接下来你可以在Zeppelin的Interpreter页面配置Jdbc Interpreter来启用Hive。首先我想说明的是Zeppelin的Jdbc Interpreter可以支持所有Jdbc协议的数据库,Zeppelin 的Jdbc Interpreter默认是连接Postgresql。
启动Hive,可以有2种选择:
- 修改默认jdbc interpreter的配置项(这种配置下,在Note里用hive可以直接 %jdbc 开头)
- 创建一个新的Jdbc interpreter,命名为hive (这种配置下,在Note里用hive可以直接 %hive 开头)
这里我会选用第2种方法。创建一个新的hive interpreter,然后配置以下基本的属性(你需要根据自己的环境做配置)
配置项 | 值 |
---|---|
default.driver | org.apache.hive.jdbc.HiveDriver (注: Zeppelin中无此jar,需要自己添加依赖) |
default.url | jdbc:hive2://hadoop001:10000 (端口号10000,是 hive 中 HiveServer2默认值) |
default.user | hadoop |
default.password | *********** |
-
添加依赖 (注: jar版本需要与hive的版本一致)
hive.url的默认配置形式是 jdbc:hive2://host:port/<db_name>, 这里的host是你的hiveserver2的机器名,port是 hiveserver2的thrift 端口 (如果你的hiveserver2用的是binary模式,那么对应的hive配置是hive.server2.thrift.port (默认是10000),如果是http模式,那么对应的hive配置是hive.server2.thrift.http.port,(默认是10001) 。db_name是你要连的hive 数据库的名字,默认是default。 -
hive 开启hiveserver2
[aaa@qq.com bin]$ ./hiveserver2 start
[aaa@qq.com lib]$ jps -m
9984 RunJar /home/hadoop/app/hive/lib/hive-service-1.1.0-cdh5.15.1.jar org.apache.hive.service.server.HiveServer2 --hiveconf hive.aux.jars.path=file:///home/hadoop/app/hive/auxlib/hive-exec-1.1.0-cdh5.15.1-core.jar start
- Zeppelin 操作hive中的表
hive on zeppelin 问题解决:
- java.lang.ClassNotFoundException: org.apache.hive.service.rpc.thrift.TCLIService$Iface
- 导入jar–hive-service-1.1.0.jar
java.lang.ClassNotFoundException: org.apache.hive.service.rpc.thrift.TCLIService$Iface
at java.net.URLClassLoader.findClass(URLClassLoader.java:382)

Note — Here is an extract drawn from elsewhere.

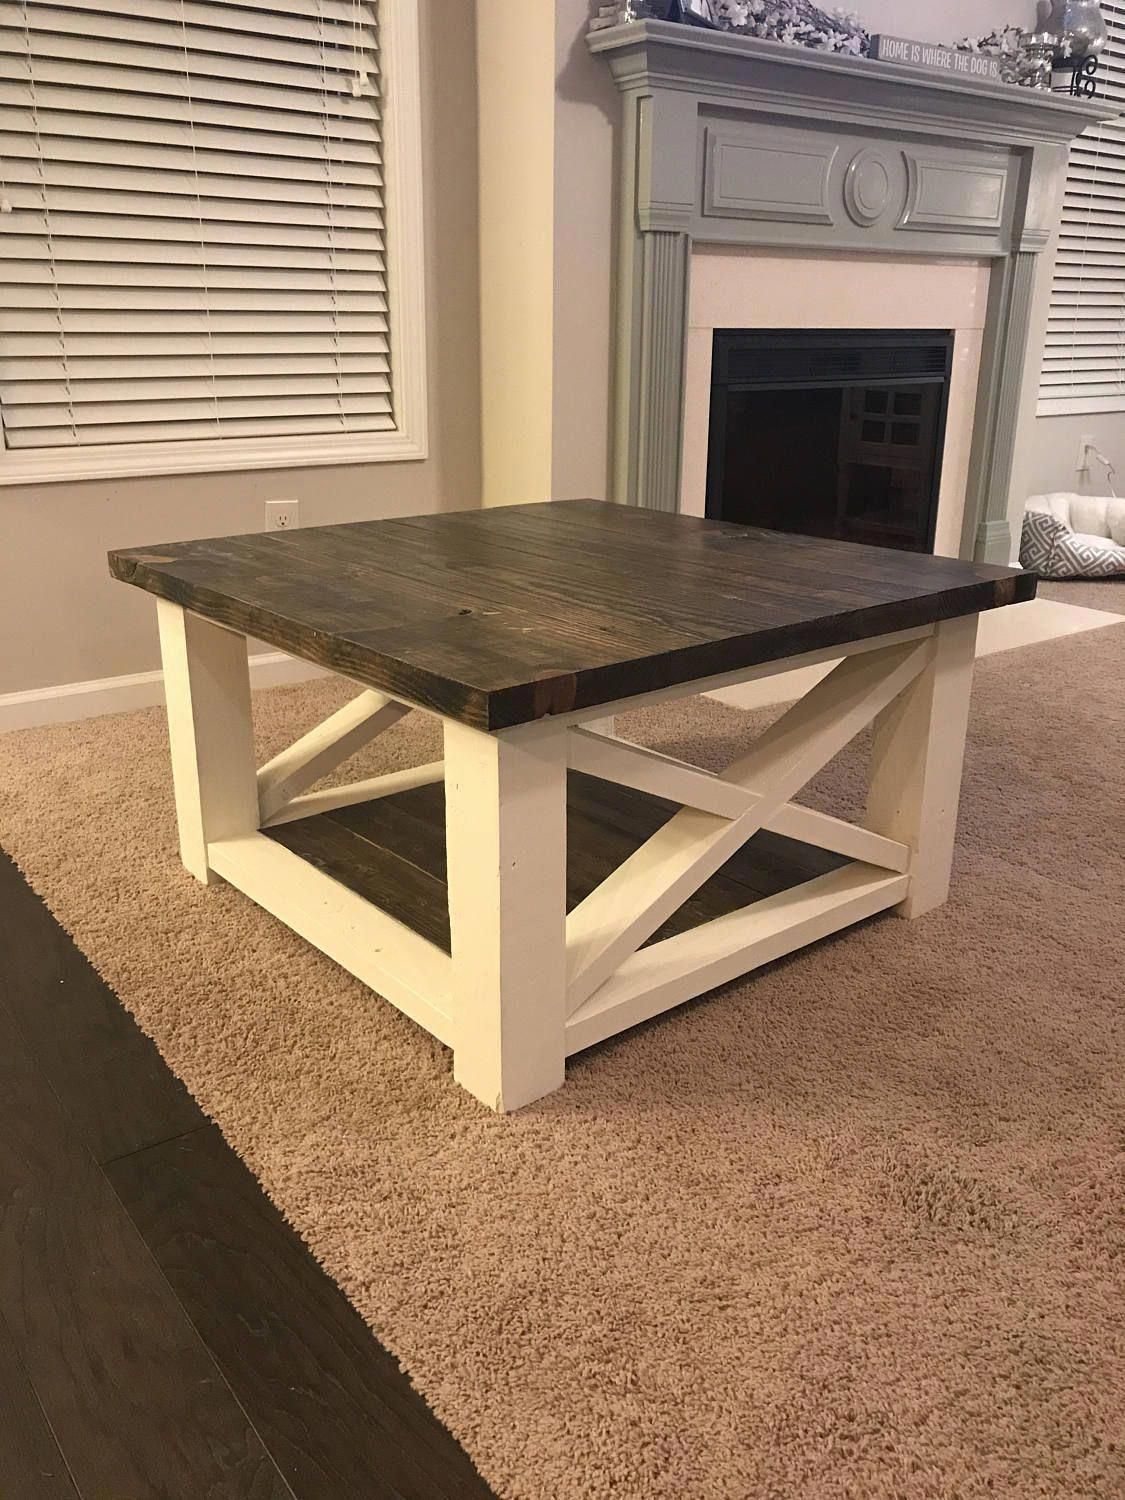 Farmhouse Coffee Table | Rustic Coffee Table | Solid Wood Farmhouse Coffee Table | Built to Order - Farmhouse Coffee Table | Rustic Coffee Table | Solid Wood Farmhouse Coffee Table | Built to Order -   18 diy Table stand ideas

at java.lang.ClassLoader.loadClass(ClassLoader.java:424)
at sun.misc.Launcher$AppClassLoader.loadClass(Launcher.java:349)
at java.lang.ClassLoader.loadClass(ClassLoader.java:357)
at org.apache.hive.jdbc.HiveDriver.connect(HiveDriver.java:107)
at java.sql.DriverManager.getConnection(DriverManager.java:664)
at java.sql.DriverManager.getConnection(DriverManager.java:208)
at org.apache.commons.dbcp2.DriverManagerConnectionFactory.createConnection(DriverManagerConnectionFactory.java:79)
at org.apache.commons.dbcp2.PoolableConnectionFactory.makeObject(PoolableConnectionFactory.java:205)
at org.apache.commons.pool2.impl.GenericObjectPool.create(GenericObjectPool.java:861)
at org.apache.commons.pool2.impl.GenericObjectPool.borrowObject(GenericObjectPool.java:435)
at org.apache.commons.pool2.impl.GenericObjectPool.borrowObject(GenericObjectPool.java:363)
at org.apache.commons.dbcp2.PoolingDriver.connect(PoolingDriver.java:129)
- java.lang.ClassNotFoundException: org.apache.hadoop.hive.common.auth.HiveAuthUtils
- 导入hive-common-1.1.0
java.lang.ClassNotFoundException: org.apache.hadoop.hive.common.auth.HiveAuthUtils
at java.net.URLClassLoader.findClass(URLClassLoader.java:382)
at java.lang.ClassLoader.loadClass(ClassLoader.java:424)
at sun.misc.Launcher$AppClassLoader.loadClass(Launcher.java:349)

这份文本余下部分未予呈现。